Через родное торжище людское,

Туда, где пчелы в гречневом покое,

Переведи меня через майдан»,

— безостановочно вертелась в голове Ивана песня, впервые услышанная им еще в раннем детстве. Тогда ему было лет пять или шесть. Они прогуливались с мамой по Арбату, приехав из далекого уральского Проскуринска в Институт микрохирургии глаза. На следующий день у них был прием у мирового офтальмологического светила Вячеслава Федотова. А пока они просто вдыхали весенний воздух столицы, наслаждались звуками ее разноязыкого гомона, ели мороженое, слушали игру уличных музыкантов: скрипачей, флейтистов, саксофонистов.

И тут его слух вычленил нечто особенное: кто-то потрясающе пел песню «Майдан», аккомпанируя себе на гитаре и губной гармошке. Он буквально кожей уловил тот драйв, с которым музыкант исполнял это, совсем не детское, малопонятное ему произведение. Впрочем, смысл этой песни был для него совсем не важен, его заворожили голос исполнителя и удивительная мелодия, льющаяся из-под его рук.

— Мам, кто это так чудесно поет? — поинтересовался мальчик.

— Слепой музыкант, Ванюша, — ответила та.

— Такой же, как в книжечке, которую ты мне читала?

— Нет, сыночка, Петя Попельский был пианистом, а этот парень играет на гитаре и губной гармошке.

— А как он выглядит?

— Невысокий, худенький, кудрявый, лет восемнадцати-двадцати. В круглых солнцезащитных очках. У него в руках — старенькая потертая гитара, на шее — специальный держатель для губной гармошки. Рядом с ним сидит его верный друг — рыжий пес-поводырь породы лабрадор. Он охраняет трость своего хозяина и его зеленый брезентовый рюкзак.

— А я смогу играть и петь так же, как он?

— Конечно, сможешь. Ты — талантливый и упрямый, обладаешь завидной памятью и исключительным слухом. Главное, сынок, чтобы нам помогли в клинике. Люди говорят, что Федотов творит настоящие чудеса…

В тот раз чуда не случилось. «Современная офтальмология пока не располагает методиками лечения врожденной атрофии зрительного нерва, — развел руками академик. — Хирургическое вмешательство может исправить только механические нарушения. В вашем же случае, восстановить зрение совершенно невозможно».

Перед отъездом домой они снова сидели в открытой кафешке на главном «гульбаре» москвичей, ели так понравившееся им ванильное мороженое с шоколадной крошкой и снова внимали «Майдану» в исполнении вчерашнего музыканта.

Ваня слышал, что мама плачет, тихо, почти беззвучно.

— Не плачь, мамулечка, я и без глазиков стану известным музыкантом, вот увидишь, — погладил он родительницу по мелко дрожащей руке. — Давай не будем больше ездить по Айболитам, а то после беседы с ними ты всегда сильно расстраиваешься.

— Давай! — согласилась она, но после строчки: «Мой сын поет сегодня на майдане» заплакала с новой силой.

С тех пор, накануне каждого негативного события в жизни Ивана Котельникова, подсознание включало ему «Майдан». Иногда со словами, иногда — просто музыку Сергея Никитина, и он уже знал: его ждет очередное серьезное испытание.

1

О том, что их сын родился слепым, Котельниковы узнали не сразу. До трех месяцев по характеру реакций и поведению он мало чем отличался от зрячих младенцев. Потом Ольга с Олегом стали замечать, что наследник малоподвижен, замкнут и как бы «погружен в себя». Ваня не реагировал на движение, игрушки, других детей, не улыбался родителям, не пытался садиться и переворачиваться со спинки на животик.
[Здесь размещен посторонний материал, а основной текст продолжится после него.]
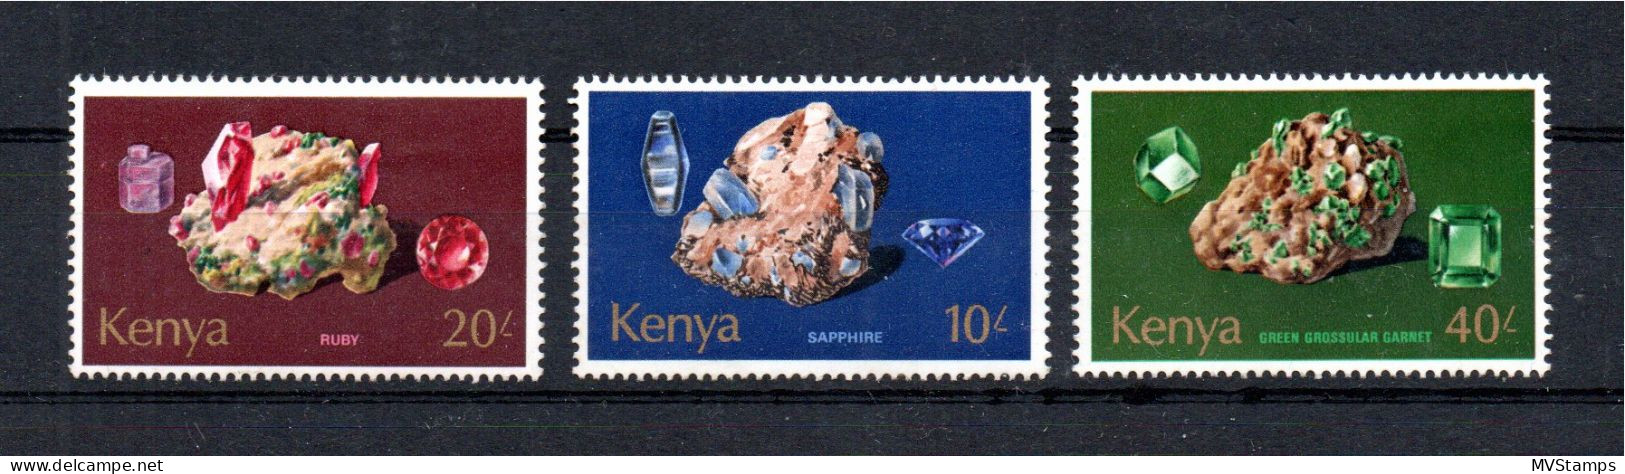 Kenya 1977 Set Minerals/Ruby/Saphire Stamps (Michel 108/10) MNH - Kenya (1963-...)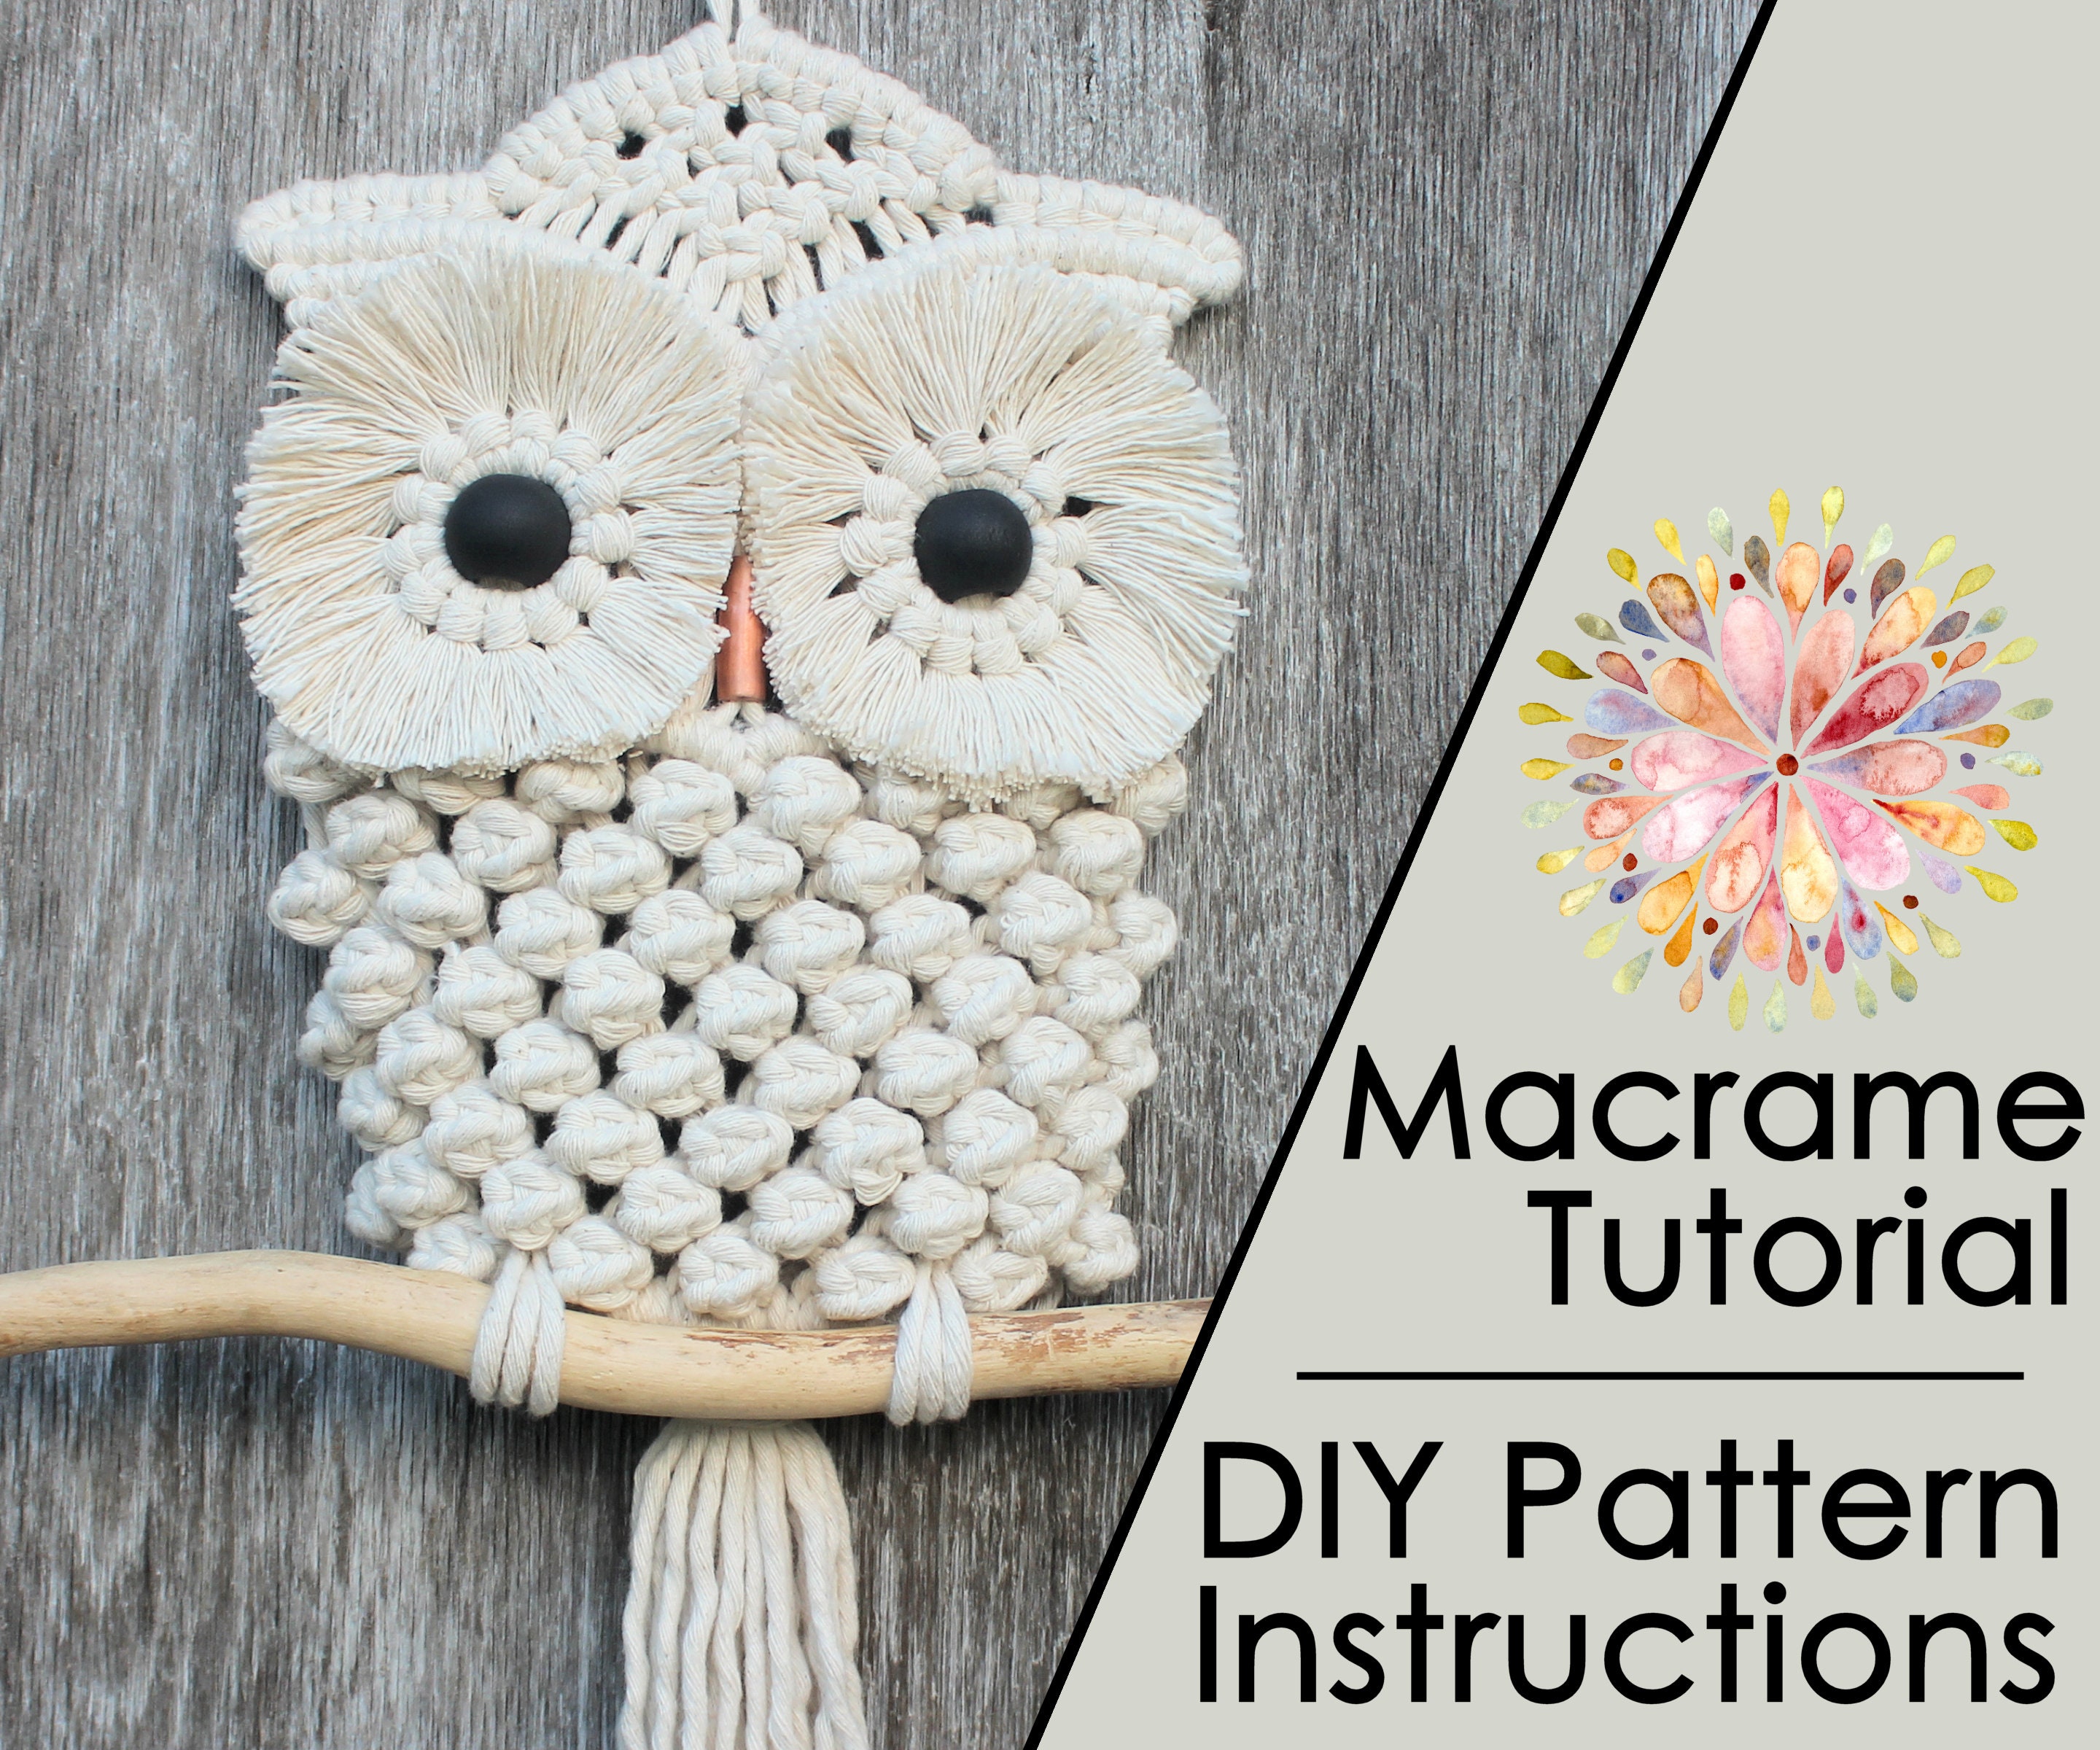 GATOKIT Pre-Cut Macrame Kit for Adults Beginners, DIY Macrame Owl Keychain Kits with Unique Craft Design (2 Pcs Owl Keychain (White+Beige))

Педиатр озабоченно покачал головой и дал испуганной Ольге направление к офтальмологу. Последний, помявшись, изрек:

— Боюсь ошибиться, но, по всем признакам, у ребенка — атрофия зрительных нервов. Это заболевание возникает при нарушении работы нервных волокон, передающих в мозг картинку. Причиной подобного диагноза может быть родовая травма. Советую вам проконсультироваться в областном центре микрохирургии глаза, там диагностическая аппаратура куда лучше нашей.

Котельниковы не просто растерялись, они были раздавлены предварительным диагнозом и очень надеялись на то, что он окажется ошибочным. Увы, областные эскулапы подтвердили предположение своего проскуринского коллеги. Тогда-то Олег с Ольгой впервые услышали страшное в своей безнадеге слово «тотальник».

— Смиритесь, дорогие родители! — сочувственно произнес седой профессор. — Атрофия зрительного нерва пока не лечится, но ученые работают над возможностью его трансплантации. Я верю в то, что рано или поздно у них это получится. А пока уделяйте все свое внимание физическому, психическому, музыкальному и интеллектуальному развитию малыша, который остро нуждается в ваших любви и внимании.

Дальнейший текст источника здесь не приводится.